▸ **DIRECTIONS**
Where the listing shows an image, skip it and output all other material unchanged.

▸ **DATA**
=== Begin Enclosure ===

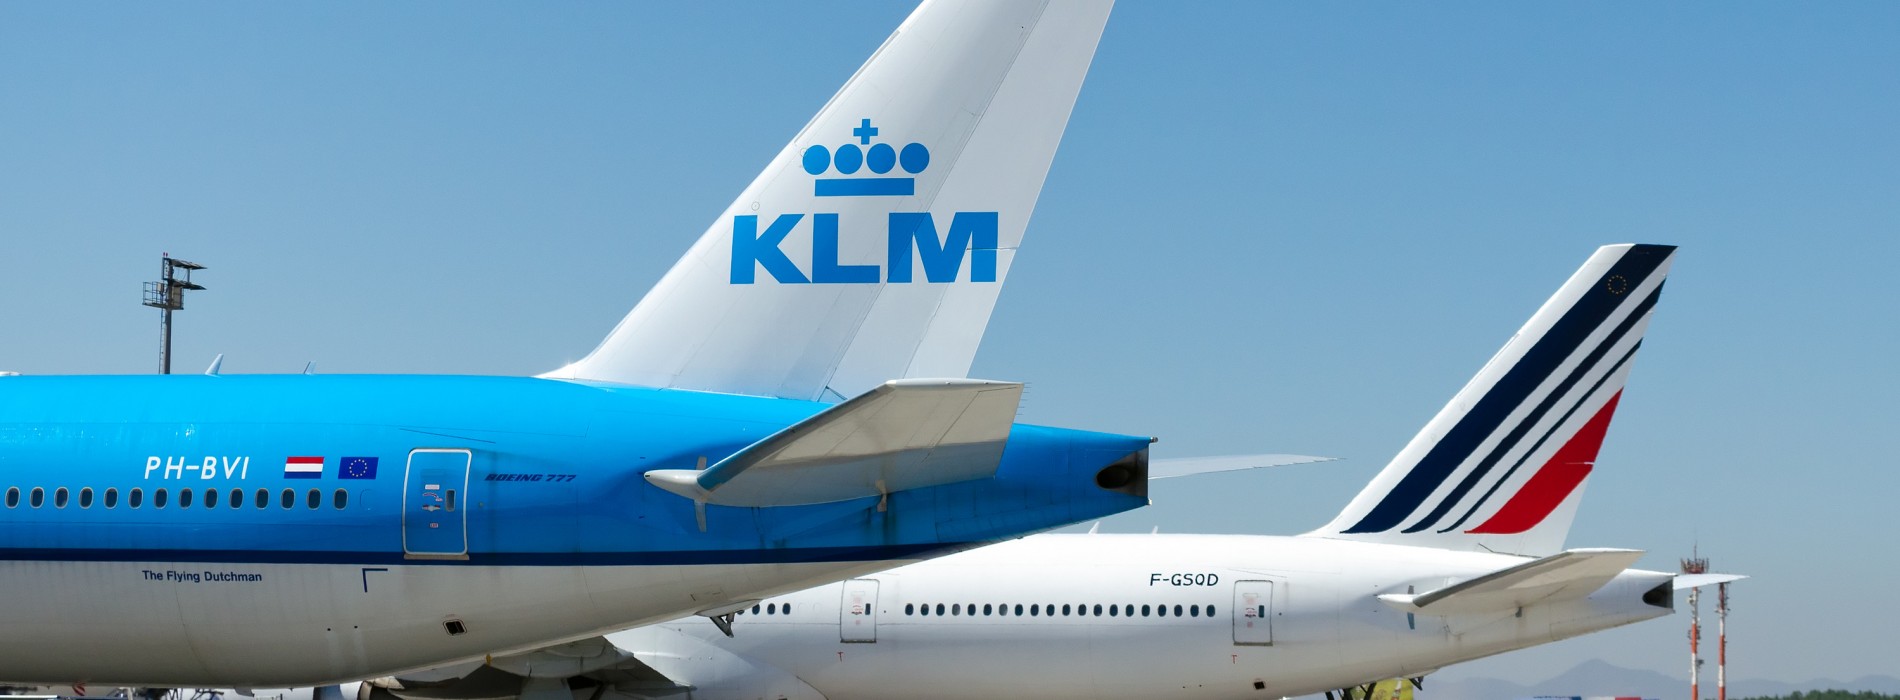 Air France-KLM launches Summer Sale offering fares to over 75 destinations
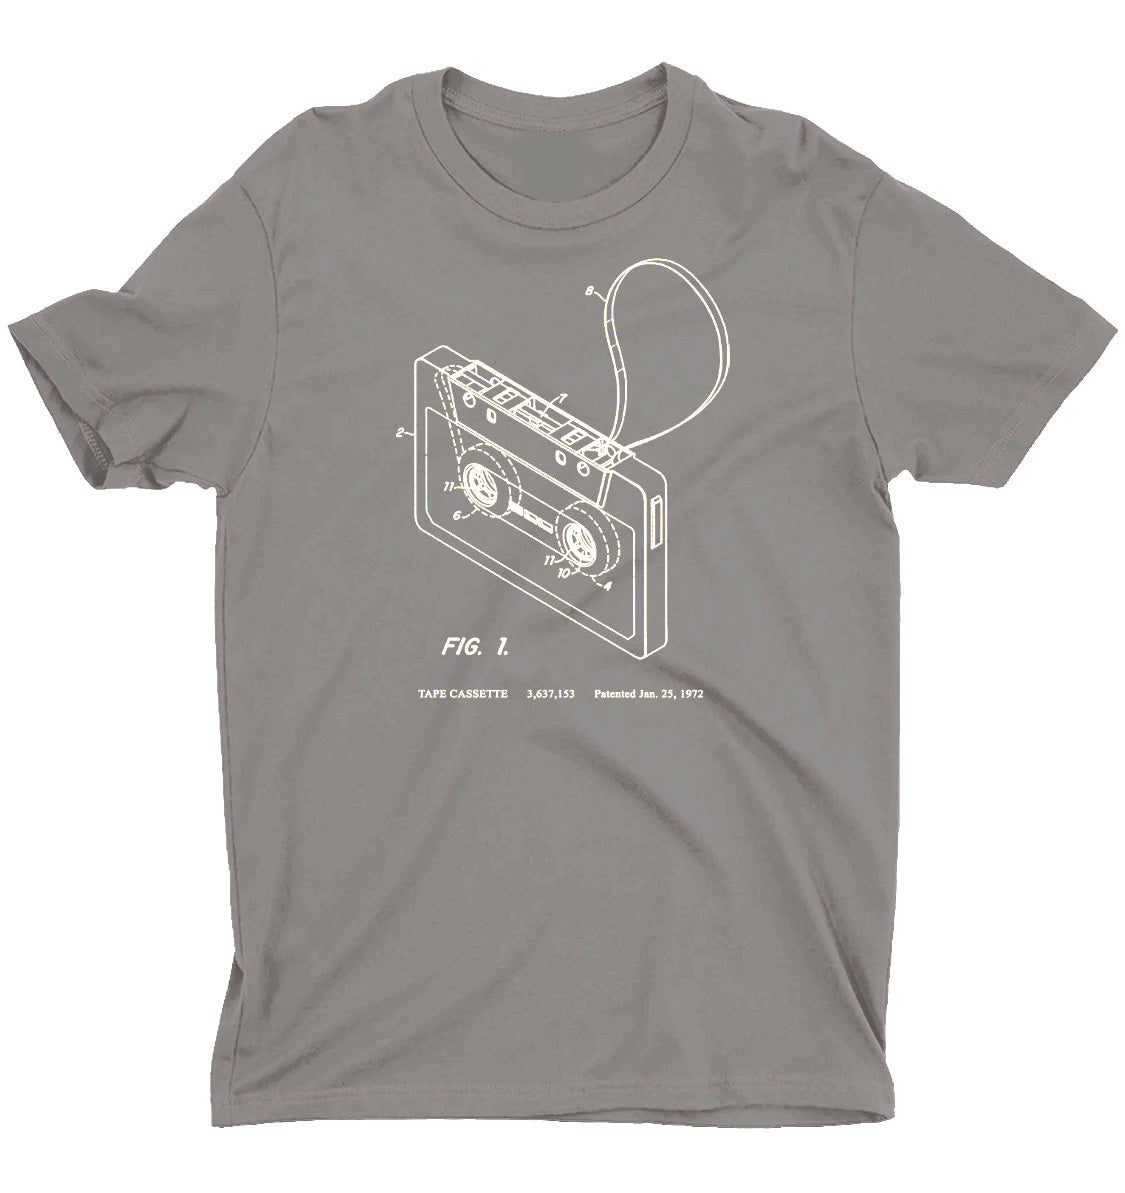 Patent T-Shirt - Cassette Tape with Beige Ink - NEW!
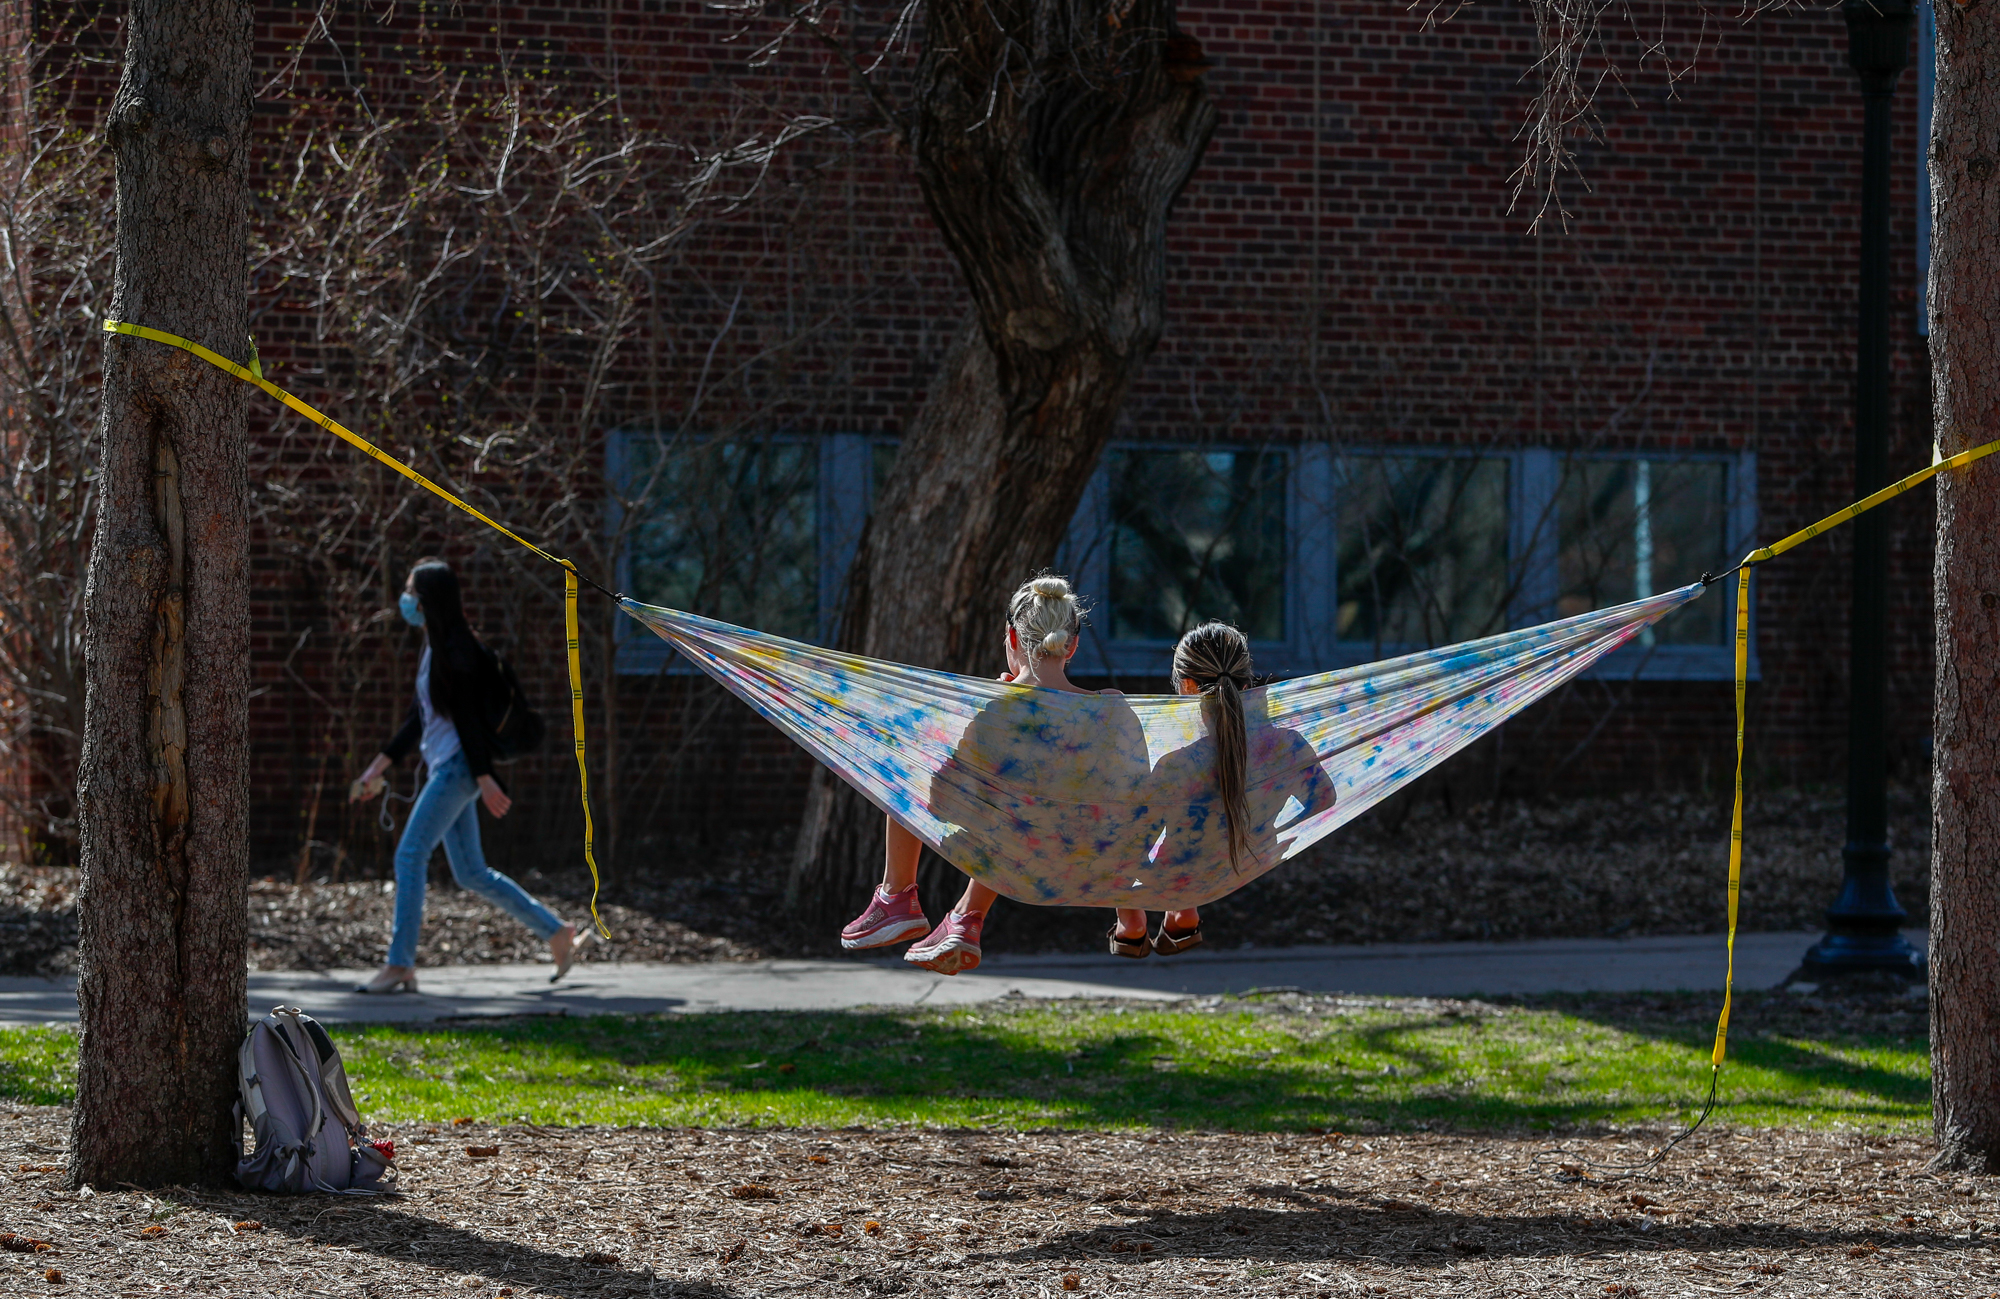 Students on campus in a hammock

=== End Enclosure ===

▸ **RESPONSE**
 Air France-KLM launches Summer Sale offering fares to over 75 destinations
 Patent T-Shirt - Cassette Tape with Beige Ink - NEW!
 Students on campus in a hammock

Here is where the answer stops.